:: Data below ::

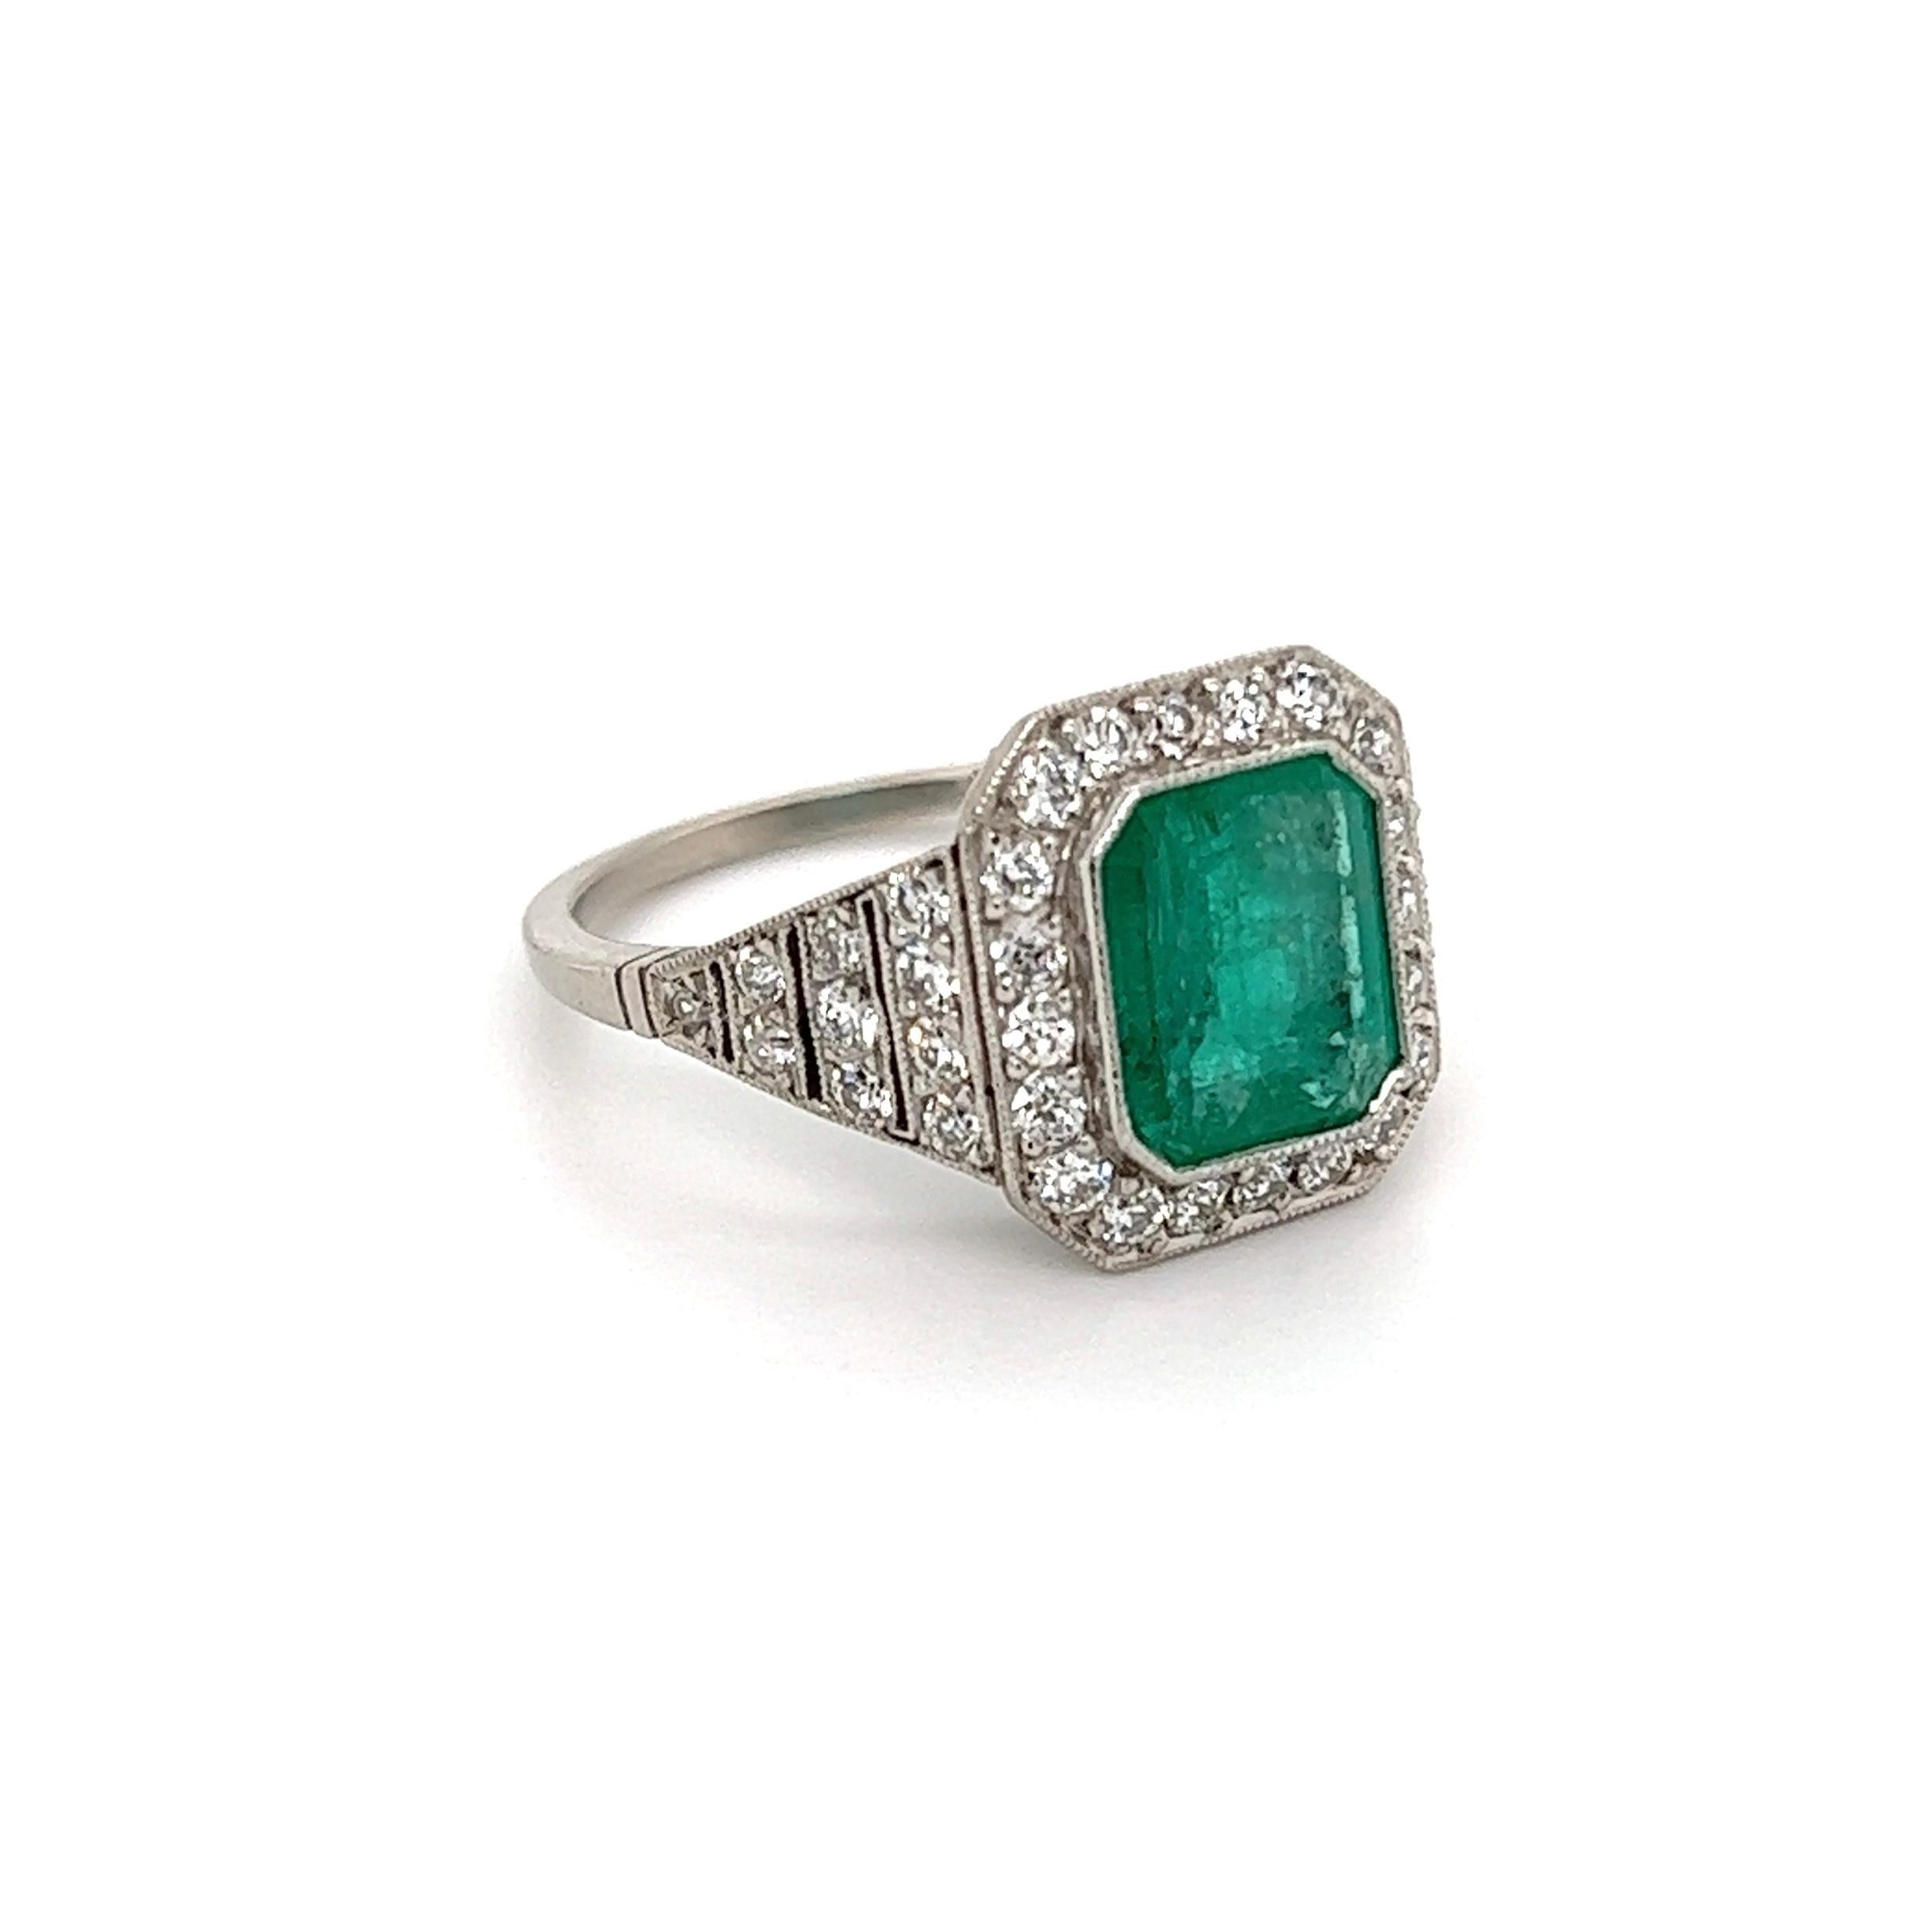 Simply Beautiful! Finely detailed Emerald and Diamond Cocktail Ring, center securely set with an Emerald-Cut Emerald weighing approx. 1.55 Carat surrounded by 40 Old European-Cut Diamonds weighing approx. 0.60tcw. Approx. Dimensions: 0.91” L x 0.75”
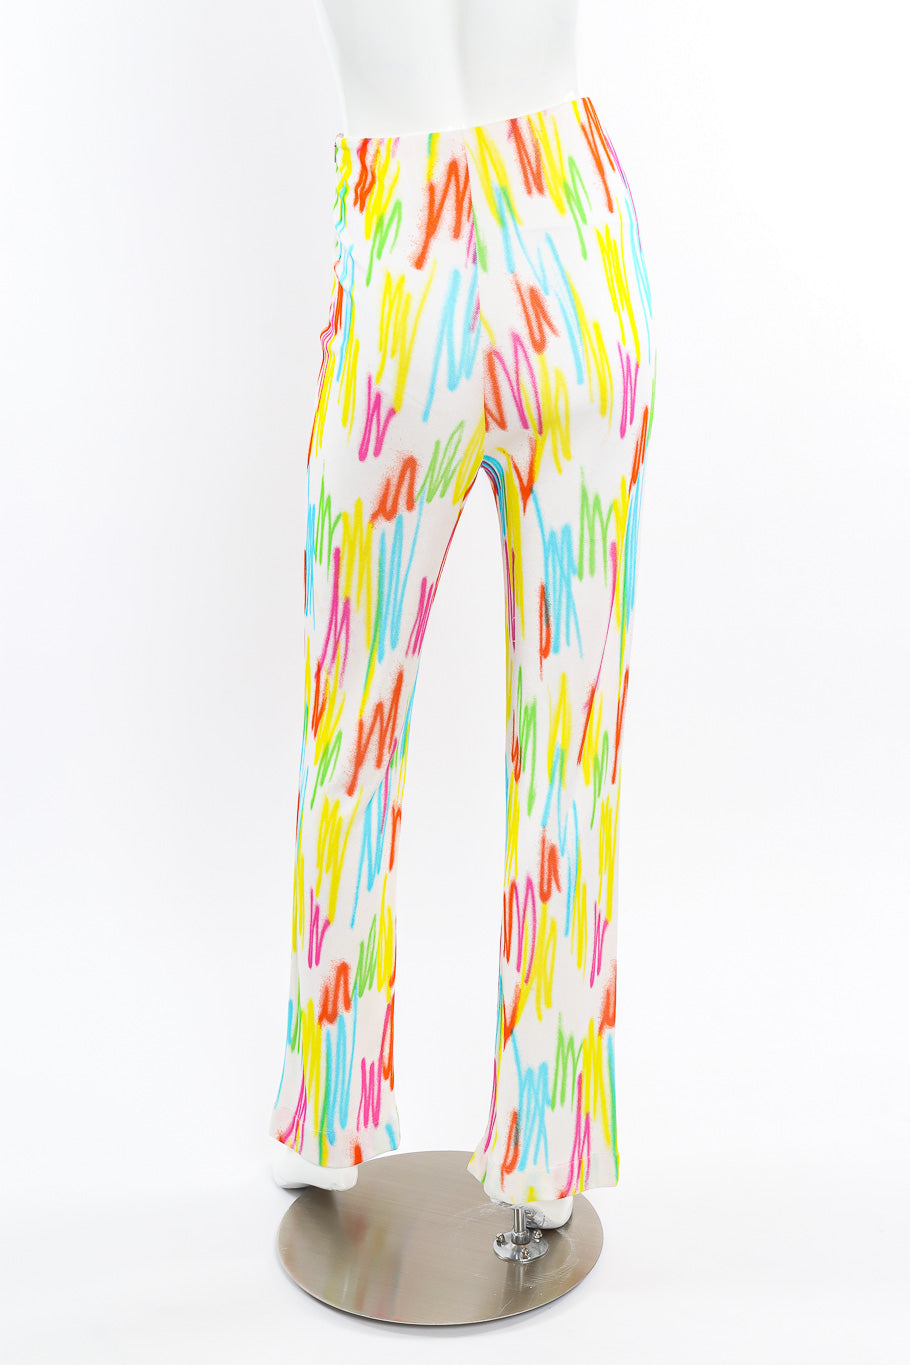 Vintage Gianni Versace 1996 SS Neon Scribble Top and Pant Set back view of pant on mannequin @Recessla
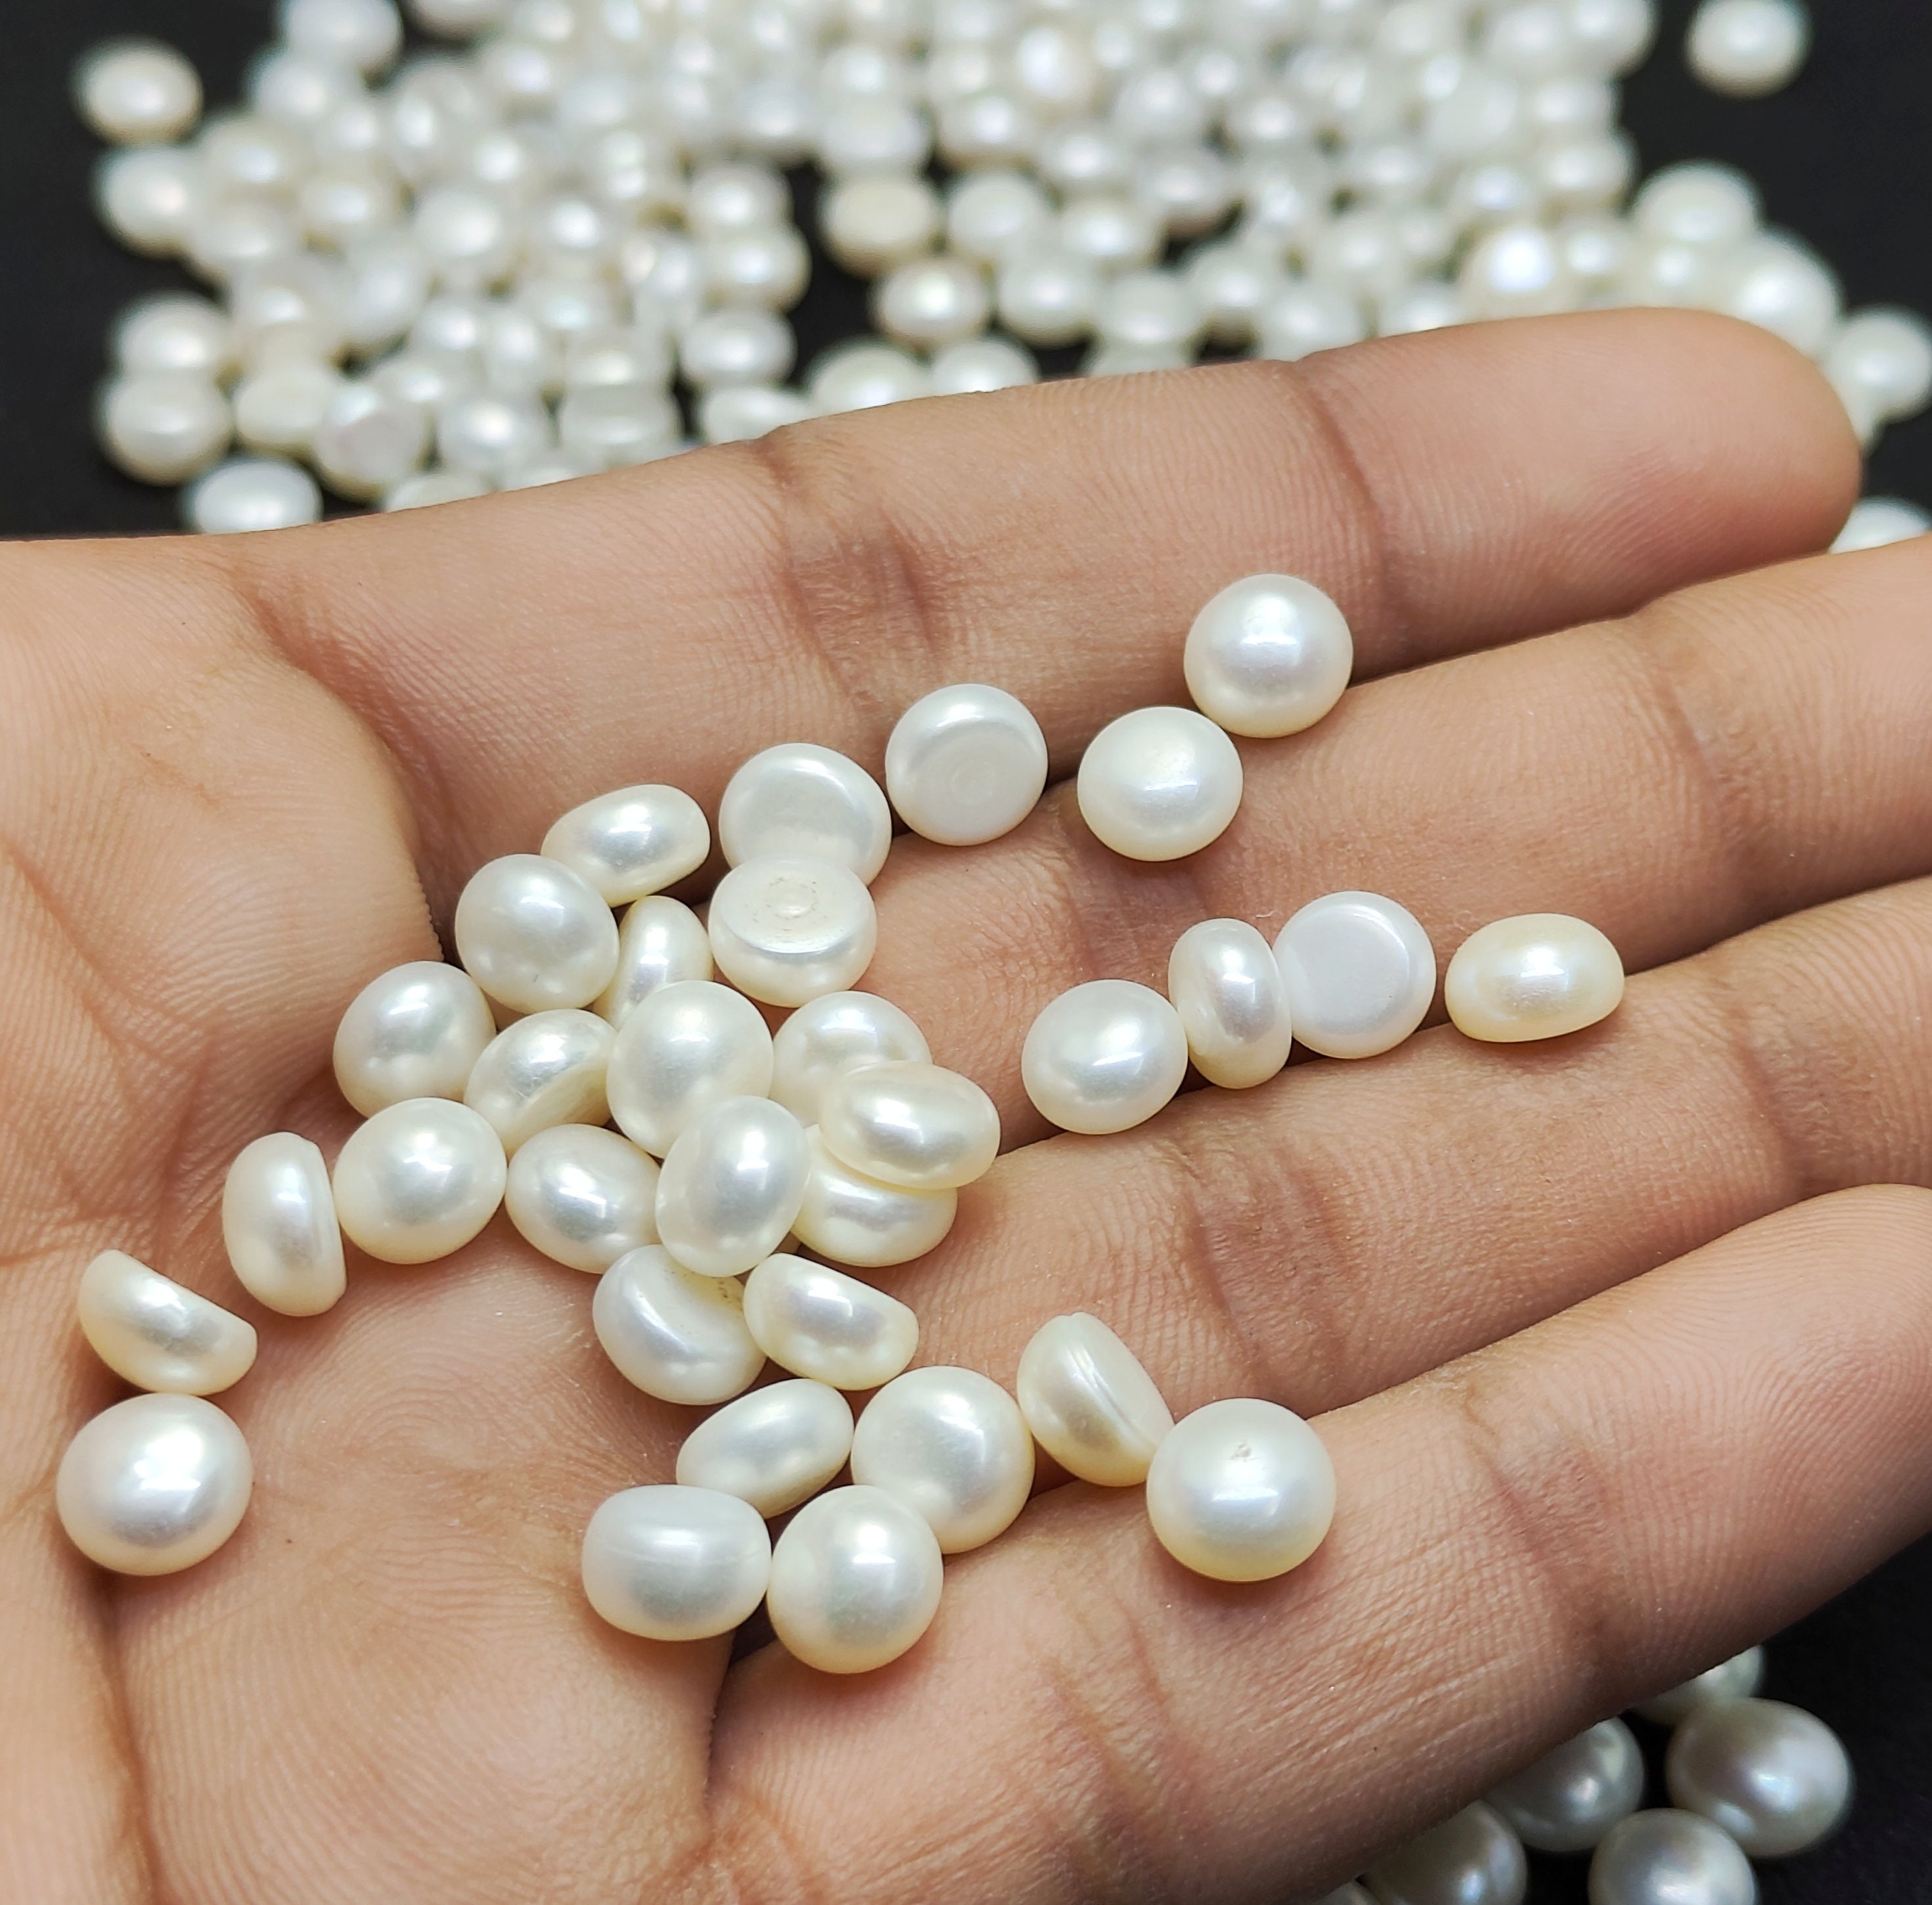 Christmas Pearl Beads, Red Green Gold Silver Pearls , 100-120 Beads Craft  Beads, 2 Sizes to Choose From , 4mm or 6 Mm , Cards, Decorations

:::

● What is being asked:
An exact, picture-free copy of the listing above is the goal; write it out now.

● Response area:
 Simply Beautiful! Finely detailed Emerald and Diamond Cocktail Ring, center securely set with an Emerald-Cut Emerald weighing approx. 1.55 Carat surrounded by 40 Old European-Cut Diamonds weighing approx. 0.60tcw. Approx. Dimensions: 0.91” L x 0.75”
 Vintage Gianni Versace 1996 SS Neon Scribble Top and Pant Set back view of pant on mannequin @Recessla
 Christmas Pearl Beads, Red Green Gold Silver Pearls , 100-120 Beads Craft  Beads, 2 Sizes to Choose From , 4mm or 6 Mm , Cards, Decorations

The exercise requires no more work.